Model Card: ruCLIP

Disclaimer: The code for using model you can found here.

Model Details

The ruCLIP model was developed by researchers at SberDevices and Sber AI based on origin OpenAI paper.

Model Type

The model uses a ViT-B/32 Transformer architecture (initialized from OpenAI checkpoint and freezed while training) as an image encoder and uses ruGPT3Small as a text encoder. These encoders are trained to maximize the similarity of (image, text) pairs via a contrastive loss.

Documents

Our habr post.

Usage

Code for using model you can obtain in our repo.

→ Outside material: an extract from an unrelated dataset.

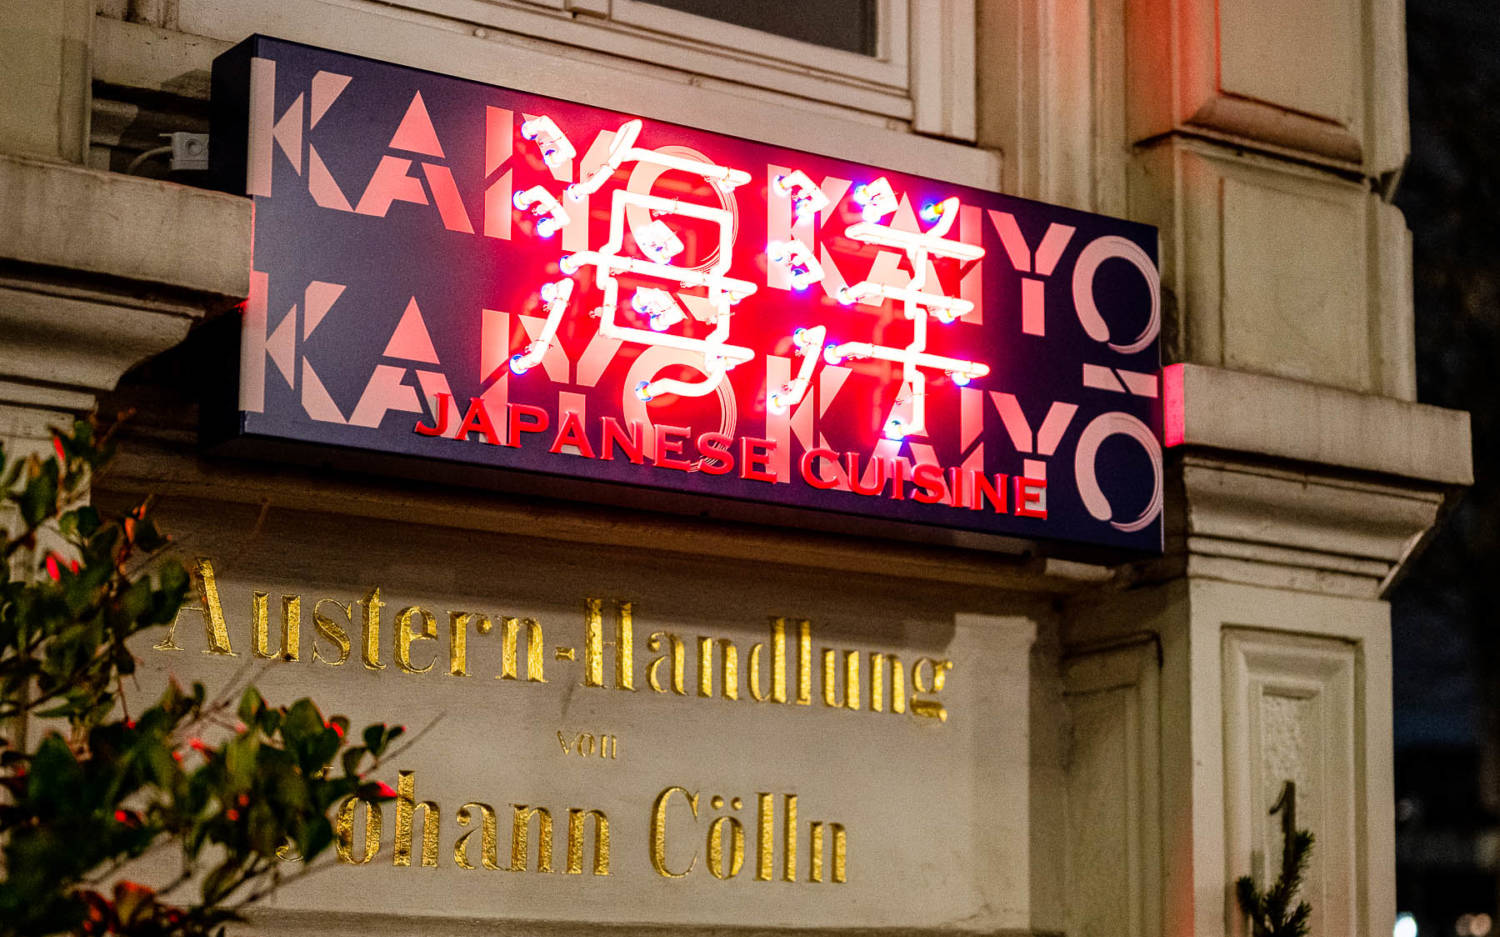 Kaiyo - Japanese Cuisine in der Hamburger Altstadt / ©Juan Molina
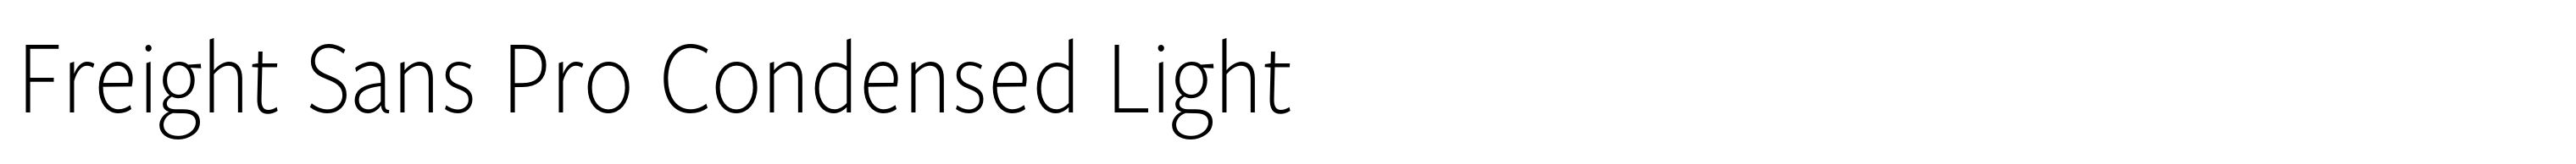 Freight Sans Pro Condensed Light

from clip.evaluate.utils import (
    get_text_batch, get_image_batch, get_tokenizer,
    show_test_images, load_weights_only
)
import torch

# Load model and tokenizer
model, args = load_weights_only("ViT-B/32-small")
model = model.cuda().float().eval()
tokenizer = get_tokenizer()
# Load test images and prepare for model
images, texts = show_test_images(args)
input_ids, attention_mask = get_text_batch(["Это " + desc for desc in texts], tokenizer, args)
img_input = get_image_batch(images, args.img_transform, args)
# Call model
with torch.no_grad():
    logits_per_image, logits_per_text = model(
        img_input={"x": img_input},
        text_input={"x": input_ids, "attention_mask": attention_mask}
    )

Performance

We evaluate our model on CIFAR100 and CIFAR10 datasets.

zero-shot classification CIFAR100 top1 accuracy 0.4057; top5 accuracy 0.6975.

zero-shot classification CIFAR10 top1 accuracy 0.7803; top5 accuracy 0.9834.